I've been on a wild ride this past year. Meeting new people, learning new things, starting a new job.... Oh wait, that's everyday in a life type shit... Never mind, I guess it wasn't as wild as I thought.
I have been on this journey to find myself. To become a better person and to be more self aware. In these last few years I have learned we are a forever changing beings. As we search for ourselves we change ourselves. We adapt, constantly breaking down and renewing ourselves. I believe I am going through the breaking down process and it's about time I renewed myself. In the last year alone, I have learned so much about myself it's ridiculous My ideals of life, relationships, and self have changed. What I used to think I might want someday, I now know for sure I want these things to happen in my life. It's time I made them happen. There are a few things I have put up with and disastrously managed through out my life, thinking there will be a better way or a person to help me understand. I have learned what that better way is and had a great friend help me understand my feelings on this situation and understand another point of view. I can now move forward in my life knowing these problems will no longer be, a problem. I can manage with clarity and will not put up with any issues that come my way.

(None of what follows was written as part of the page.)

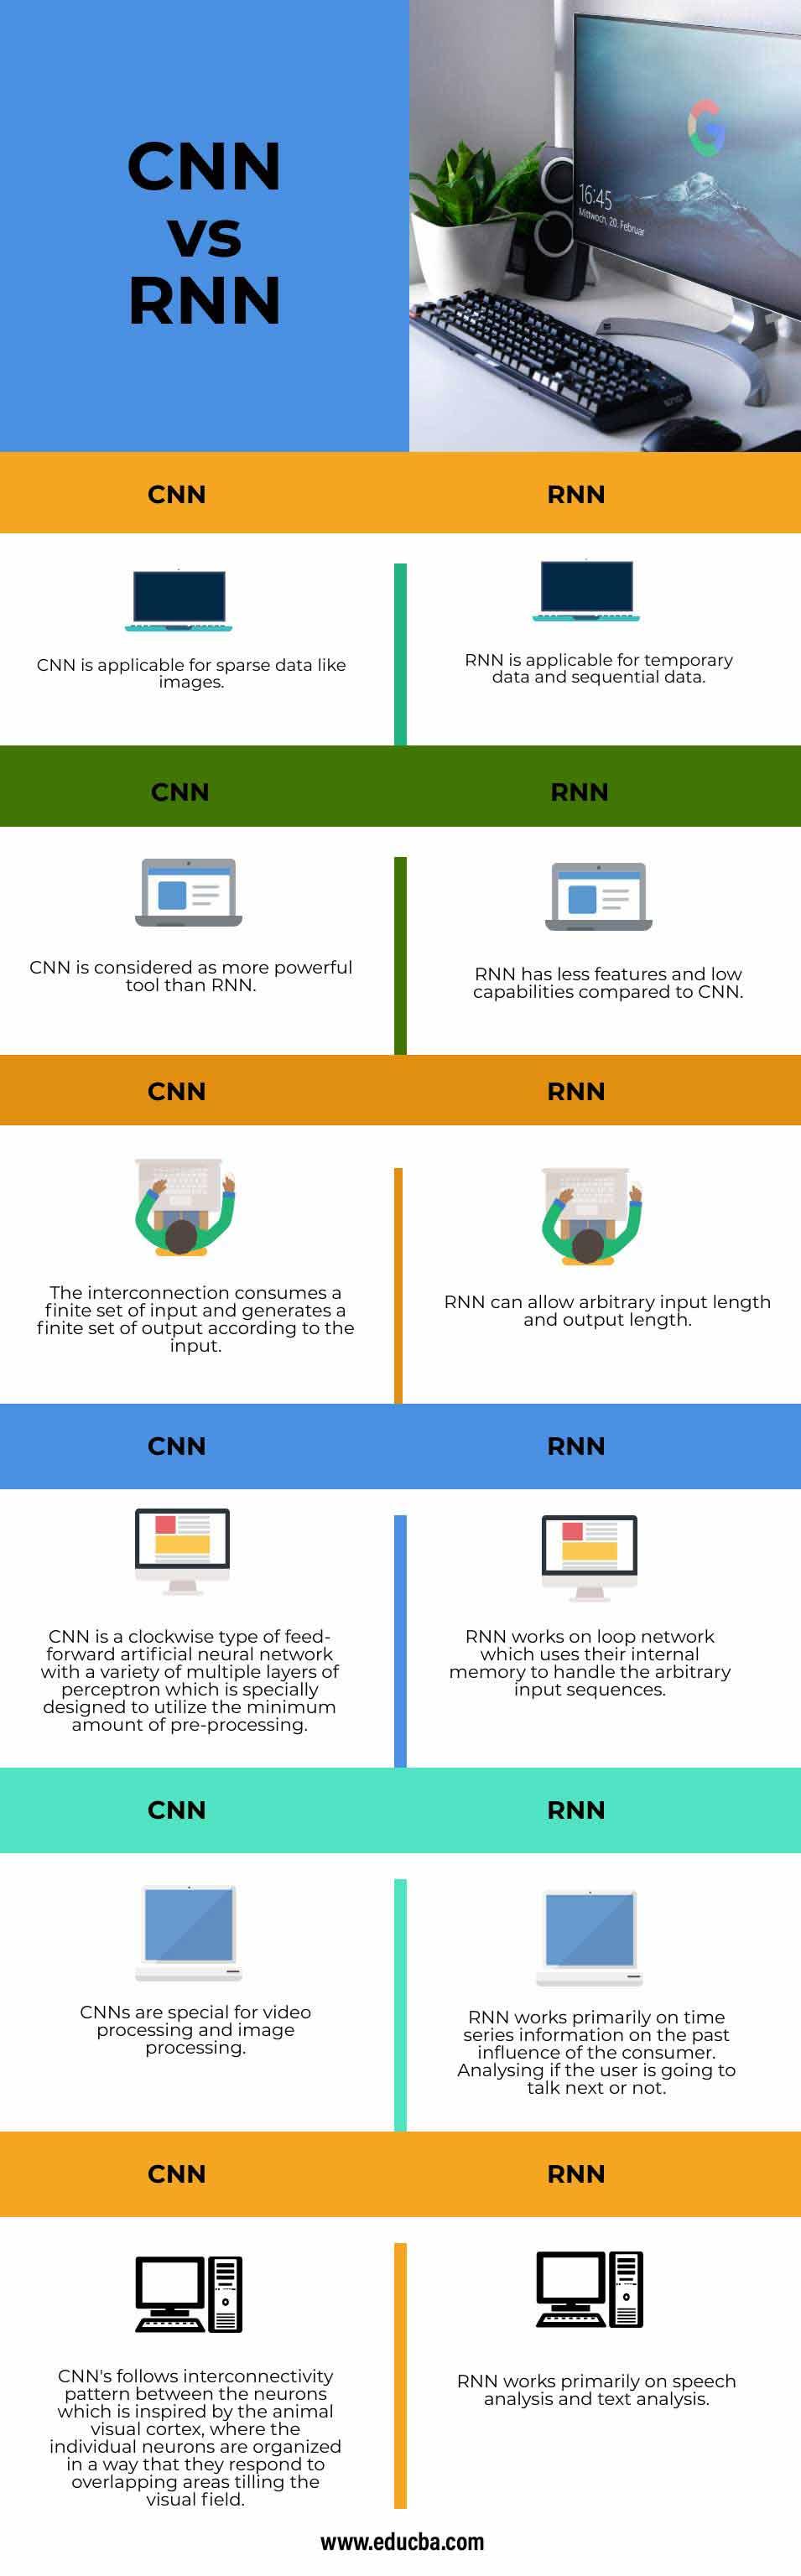 CNN vs RNN info

Yes I am being vague. I am keeping many thoughts and feelings to myself For now, that is best, and I apologize to my readers if this at all confuses you. My mind has been overflowing with thoughts and I have not yet sorted it all out, but I am working on it the best I can. Things are changing again. I used to hate change, I had to have a plan and know every detail in order for my mind to be calm. I am trying to learn to be more in the now and be spontaneous. Learning to live in what feels like chaos. Expect the unexpected at all times. It is difficult, but I am taking it day by day and getting better.